Notice how the ? operator is often referred to as a shortcut for propagating errors. We went from having 4 lines of code to 2 lines of code. We even converted it into one line of code in our latest version of the find_char_index_in_first_word function because the ? allows us to chain the logic, even if we come across at any point with the values None or Err, as ? operator will take care of it by returning the error right away.

When and Where to Use the Question Mark (?) Operator?

Unfortunately, there are scenarios where you can or cannot use the question mark ? operator. As mentioned in the definition, the ? operator is used only in functions that return Result or Option types.

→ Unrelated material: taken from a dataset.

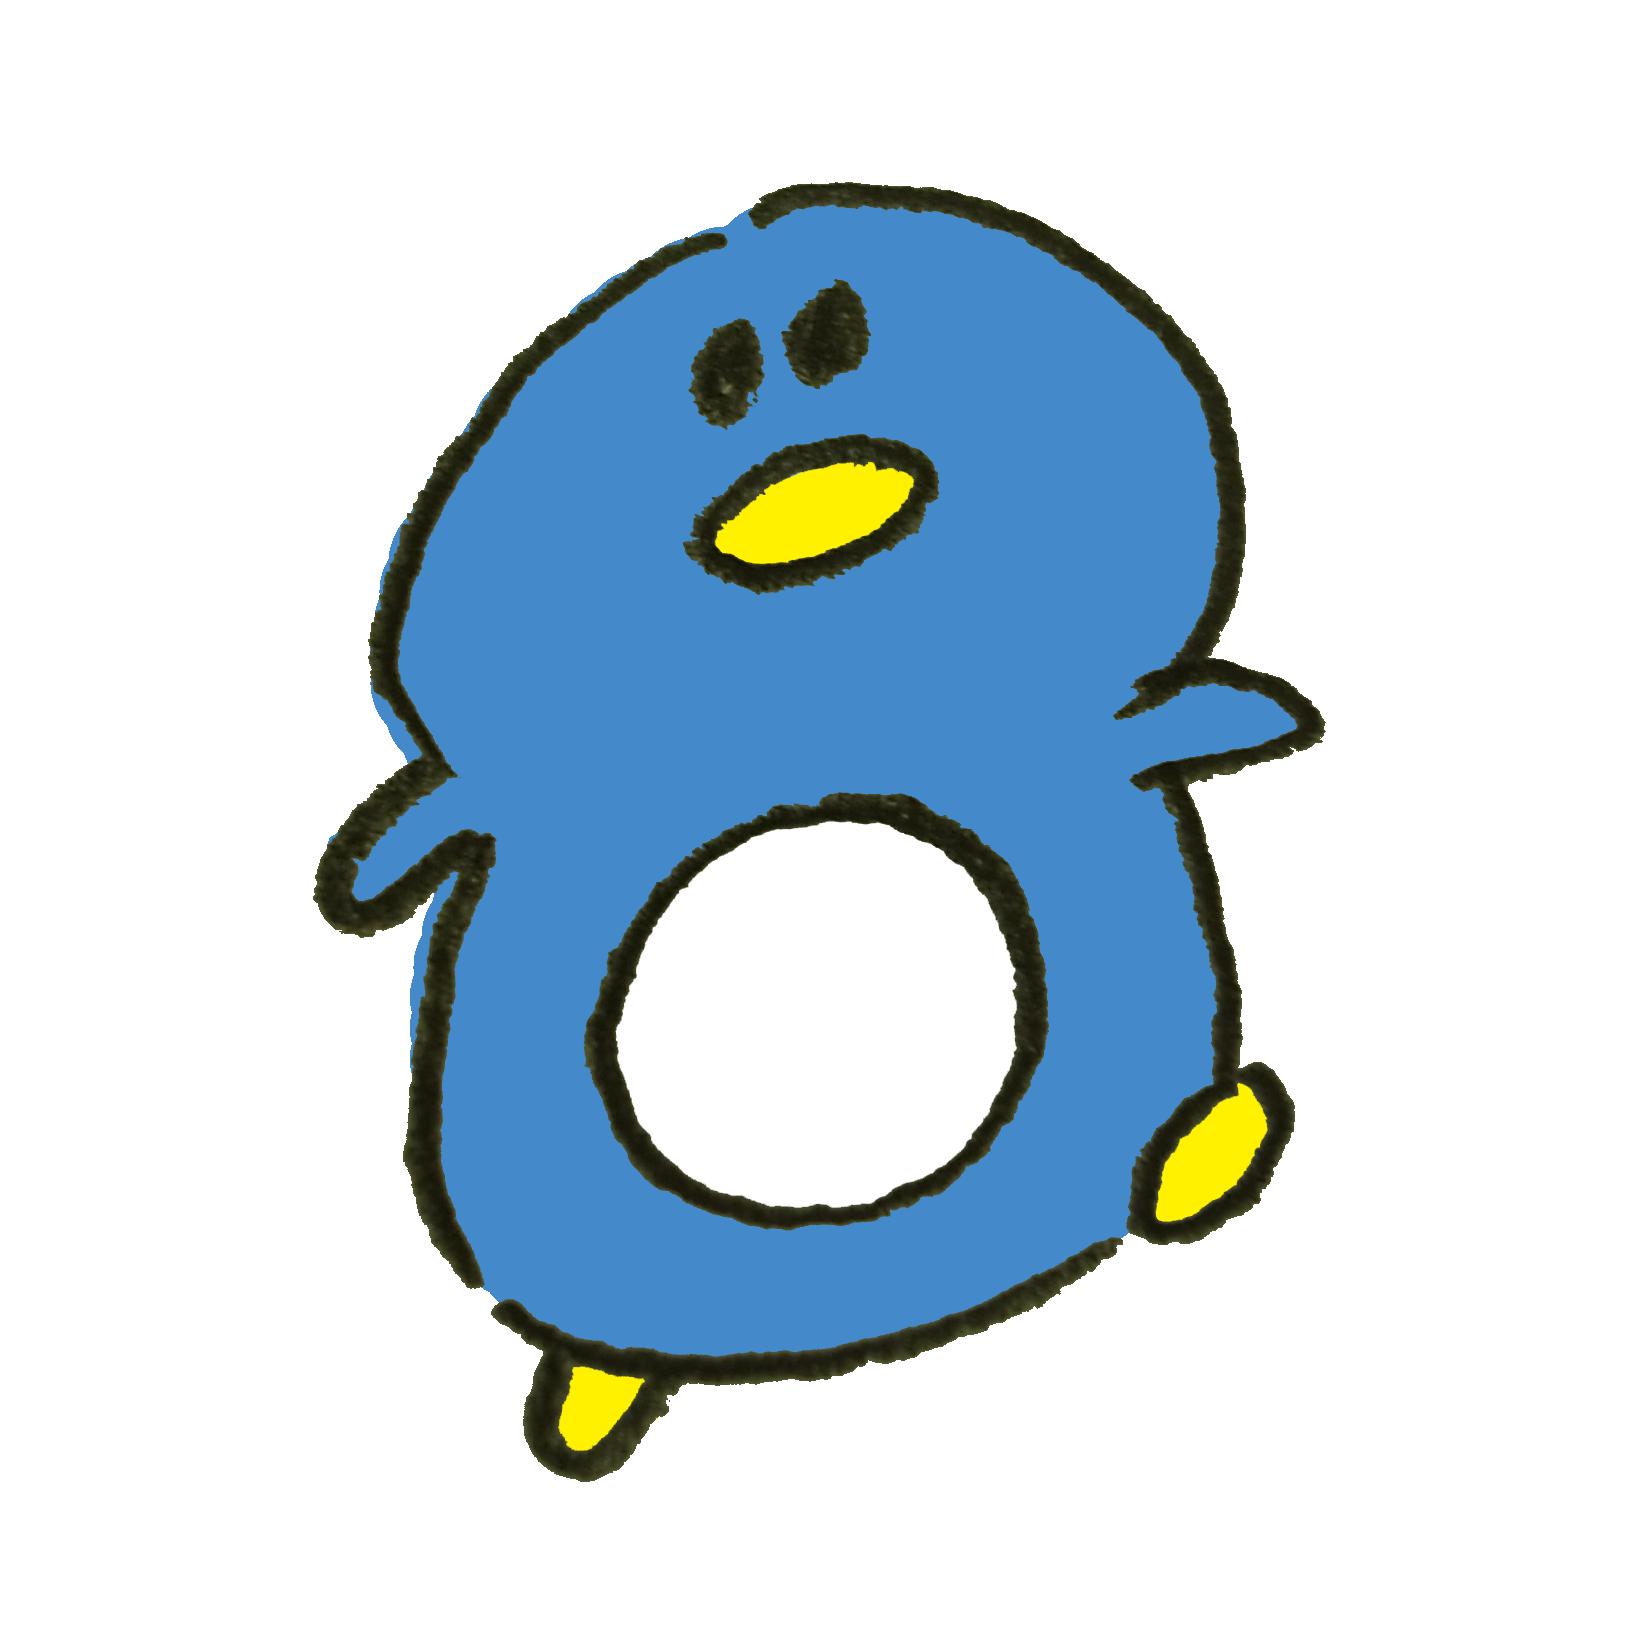 ペンギンのイラスト ゆるくてかわいい無料イラスト素材屋ぴよたそ

fn my_fn_one() -> Result<i32, ParseIntError> {}
fn my_fn_two() -> Option<usize> {}

This doesn’t mean it is not possible to work with Result and Option types inside a function. However, the ? operator should exclusively be used with types that return the same type in a function.

In other words, if the function returns Result, use the ? operator in a Result type. If the function returns an Option, use the ? operator in an Option type.

Attempting to use the ? operator in both types, Result and Option, in a function that only returns one of the two types will lead to errors. For example, if we were to write the following code:

fn bad_fn() -> Result<i32, String> {
    let b = Ok("Got it!")?;
    let a = Some(1)?;

    Ok(a)
}

Trying to run it will cause the following error:

the ? operator can only be used on Results, not Options, in a function that returns Result

Remember, the ? is a shortcut for error propagation.

If the ? is used in a type different from the type a function returns, there could be a chance of propagating errors unrelated to the type defined on a function to return.

Luckily, Rust is smart enough to detect these errors during compilation time. Hence, errors like this would not occur when running the code.

Conclusion

In conclusion, talking about the ? operator is talking about error propagation but also writing less code. Why? because the ? operator is capable of both:

  • Extracting the value of types such as Result and Option, allowing developers to not worry extracting or “unwrapping” values.
  • Returning the error type defined in the return type of a function without the need to explicitly use the return type and return an error based on the return type of a function.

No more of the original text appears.